Piyush Roy
She walks in beauty, like the night
Of cloudless climes and starry skies;
And all that’s best of dark and bright
Meet in her aspect and her eyes;
Thus mellowed to that tender light
Which heaven to gaudy day denies.
One shade the more, one ray the less,
Had half impaired the nameless grace
Which waves in every raven tress,
Or softly lightens o’er her face;
Where thoughts serenely sweet express,
How pure, how dear their dwelling-place.
And on that cheek, and o’er that brow,
So soft, so calm, yet eloquent,
The smiles that win, the tints that glow,
But tell of days in goodness spent,
A mind at peace with all below,
A heart whose love is innocent!
Most of us would have come across this thoughtful ode to beauty in our interactions with the high notes of romantic articulation, using the Queen’s English, sometime in the school or later. I was introduced to this masterpiece by Lord Byron, in the school, as part of my class X, ICSE curriculum. The appreciation of beauty can never be limited to one definition. Since it also lies in the eyes of the beholder, it’s experiencing too is bound to vary, from person to person, perception to articulation.
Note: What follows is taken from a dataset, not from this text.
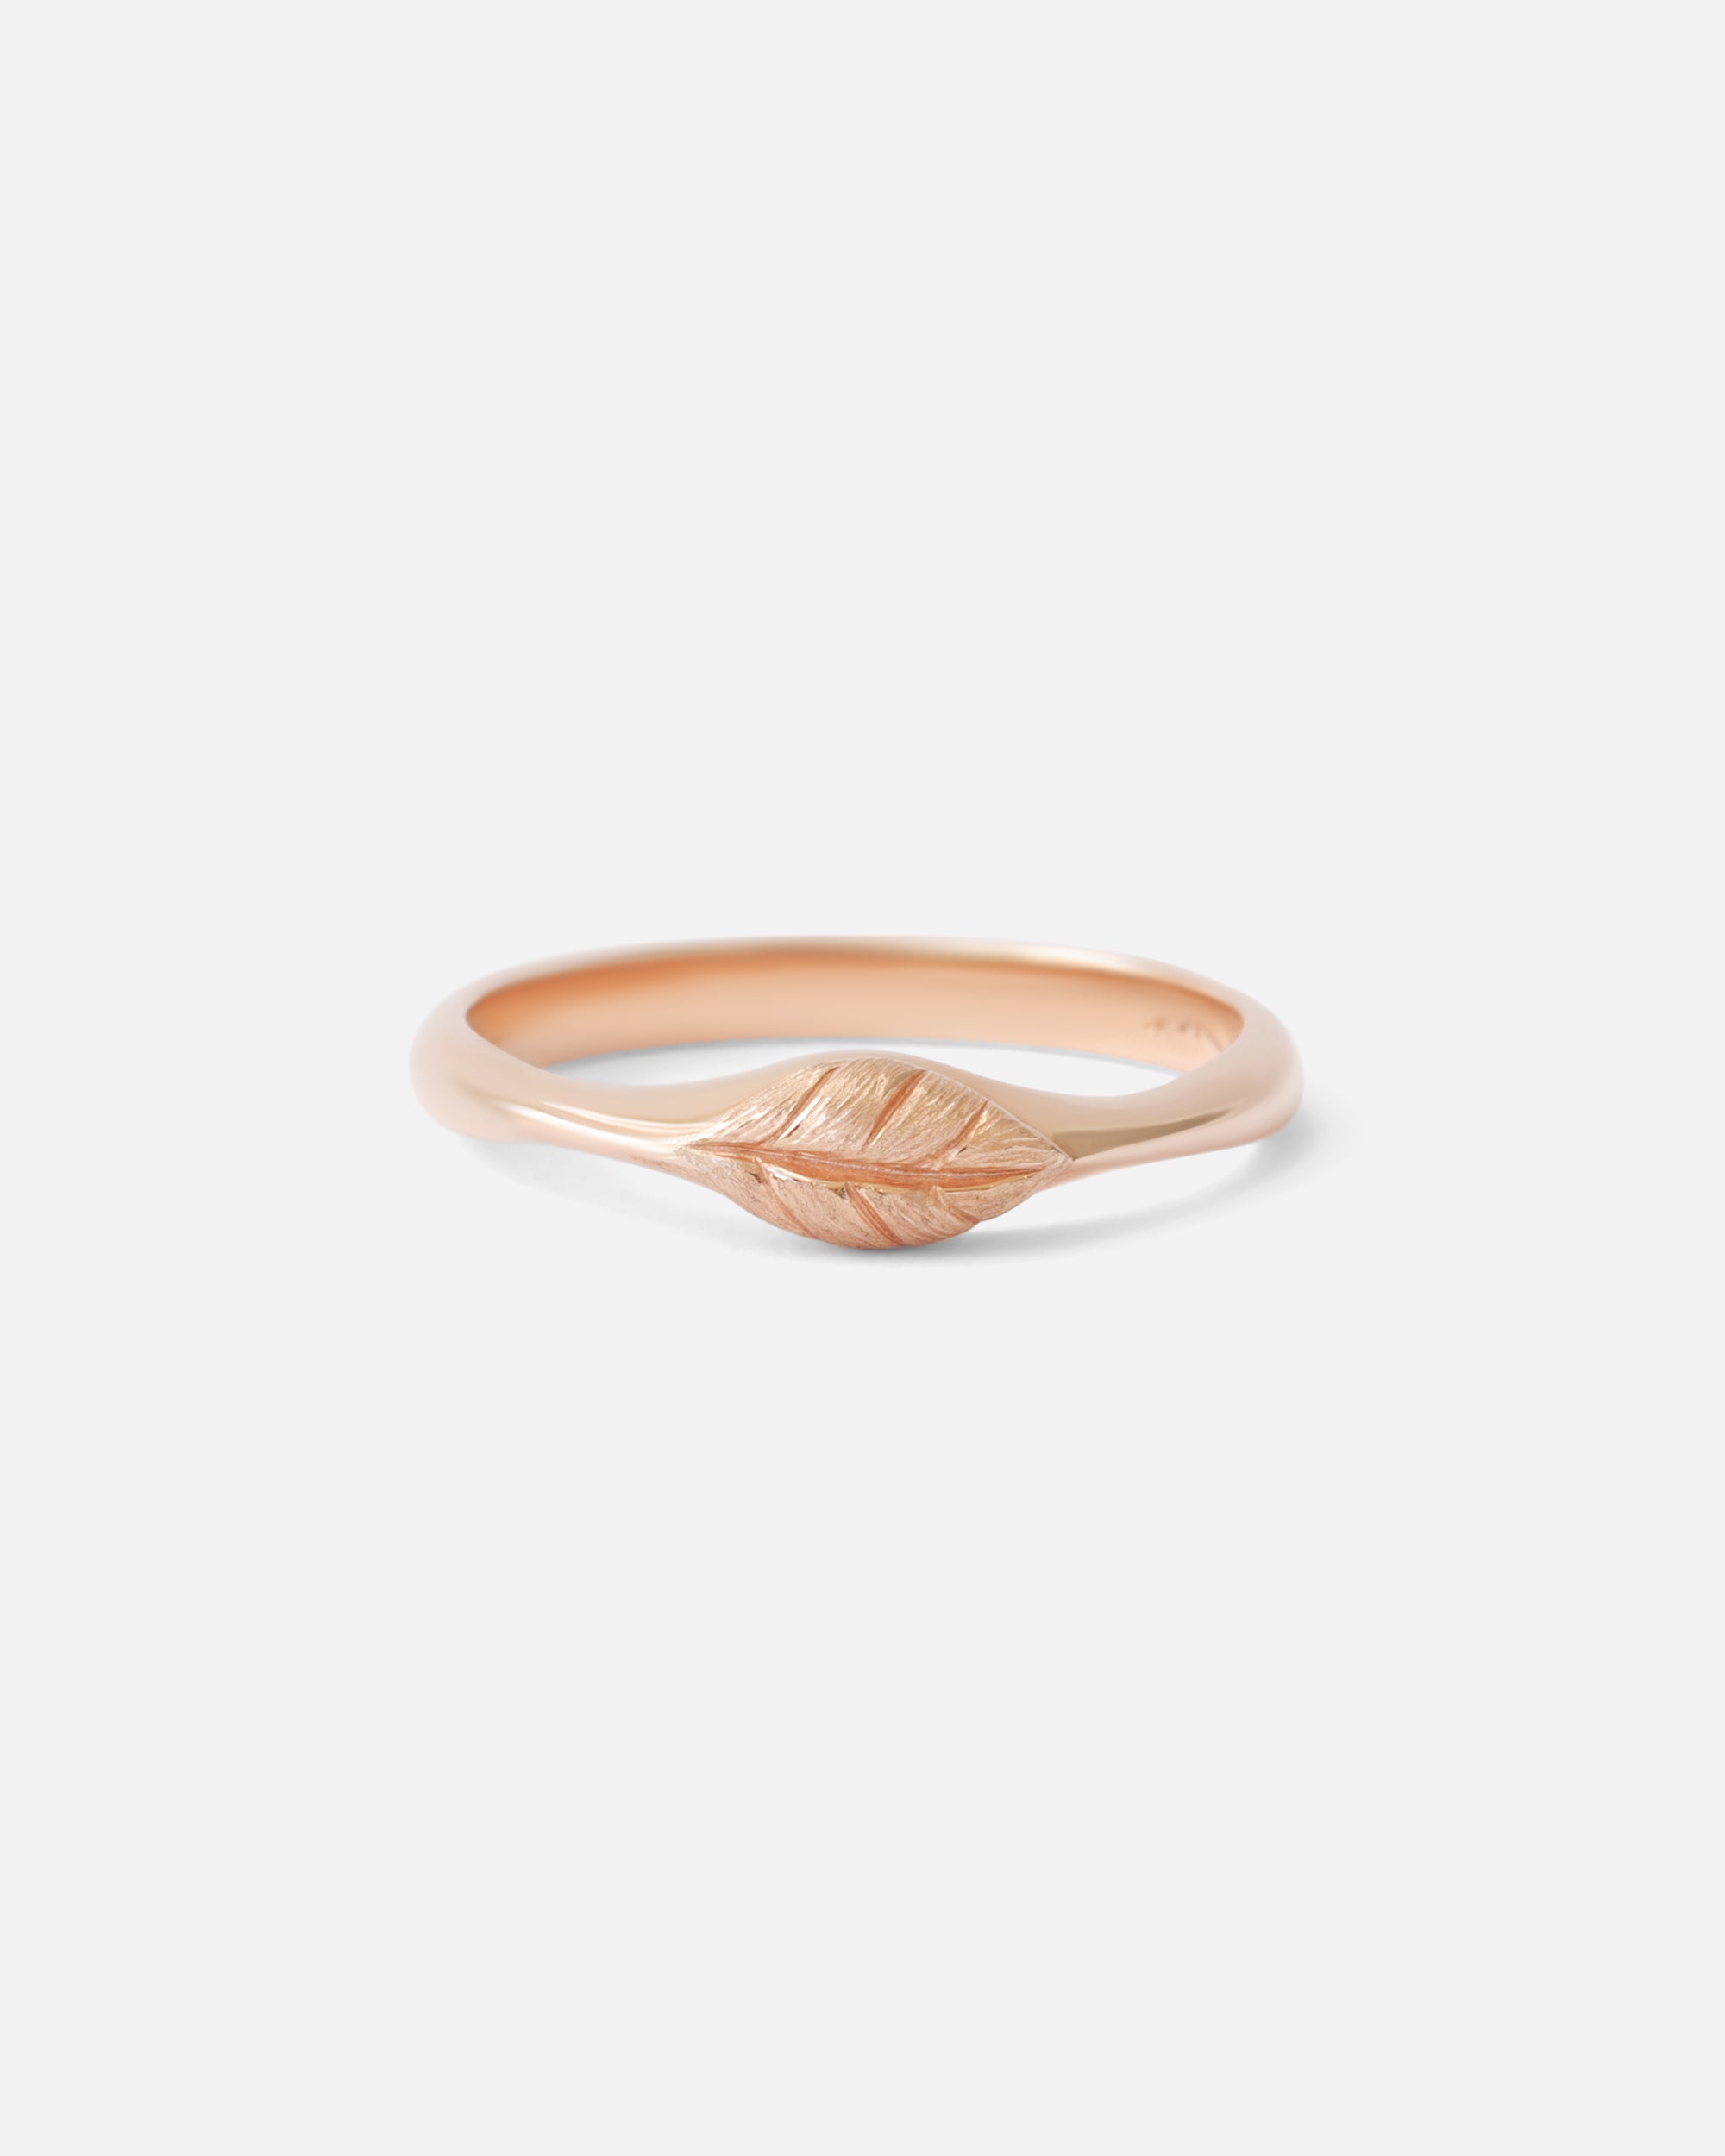 Single Leaf Stacker / Ring By O Channell Designs

But this is the Aishwarya in Johar’s vision of Ae Dil Hai Mushkil, not the Aishwarya of Rituporno Ghosh’s Chokher Bali or Raincoat, Mani Ratnam’s Guru or Iruvar, Gurinder Chaddha’s Bride and Prejudice or Paul Mayeda Berges’ The Mistress of Spices, Ashutosh Gowariker’s Jodhaa Akbar or Sanjay Leela Bhansali’s Devdas or Guzaarish. A hint of this Aishwarya you get only in the second half of Hum Dil De Chuke Sanam… but the actress in real life had then still to go through the luminous personality changes of maturity graced by marriage or motherhood to essay these emotions to an ache that’s recalled longer, far more impacting than a tear drop shed and forgotten.
I am not saying that the above parts are deficient or any less. They are competent contributions in the constantly evolving filmography of a hardworking actor. But there is something else about Ae Dil Hai Mushkil. Here she becomes the part in its every essence, not just literally, but in spirit too!The panache that she lends to the part today, could not have happened had it come in an earlier phase in her career.
The credit of its success, hence, should also not be due only, to the labour of love with which the film’s writer-director Karan Johar has etched her character. Of course, his attention to the detailing of her part almost seems to have happened at the cost of ignoring the film’s other characters, especially that of heroine Anushka Sharma, who’s saddled with an incoherent oscillation between love and friendship to convince. Ranbir Kapoor being the good actor that he is, still manages to fairly salvage the writing confusion around his part. He however should beware of falling into that repeat mode of playing too many ‘confused around love’romantic heroes, something that did Saif Ali Khan’s later acts in. But this encomium is not about him.
Just savour the way, Aishwarya’s perpetually mysterious Saba Khan, draws and leaves Ranbir’s younger and continuously committed character, in and out of a dalliance that nurtures, even after it’s over.
When did you last see in a mainstream Bollywood film, an ex-husband calmly chatting with the young lover of his ex-wife in their first public encounter? He even tips him a note or two on bedroom dynamics that would work best for her, as the object of their affection, listens, smiles, and contributes volumes through her loquacious glances. She then leaves the men in her life, from the past and the present, tad guilty, vulnerable, and incomplete, and yet, very much in love with her.
The way Aishwarya Rai Bachchan conducts and channels the sexual tension in that scene in the company of Shah Rukh Khan and Ranbir Kapoor, is reason enough for a dekho of Ae Dil Hai Mushkil, which otherwise for most parts is a confused Kuch Kuch Hota Hai re-telling complicated by too many Bollywood romance clichés from yore. Though inserted to pun, these ironically end up getting integrated into the narrative to make a cantankerous mocktail of emotionally displaced adults that belong to neither today, nor the 1990s.
This story of too many confused dils would indeed have been tad mushkil, if not for Madam Ash!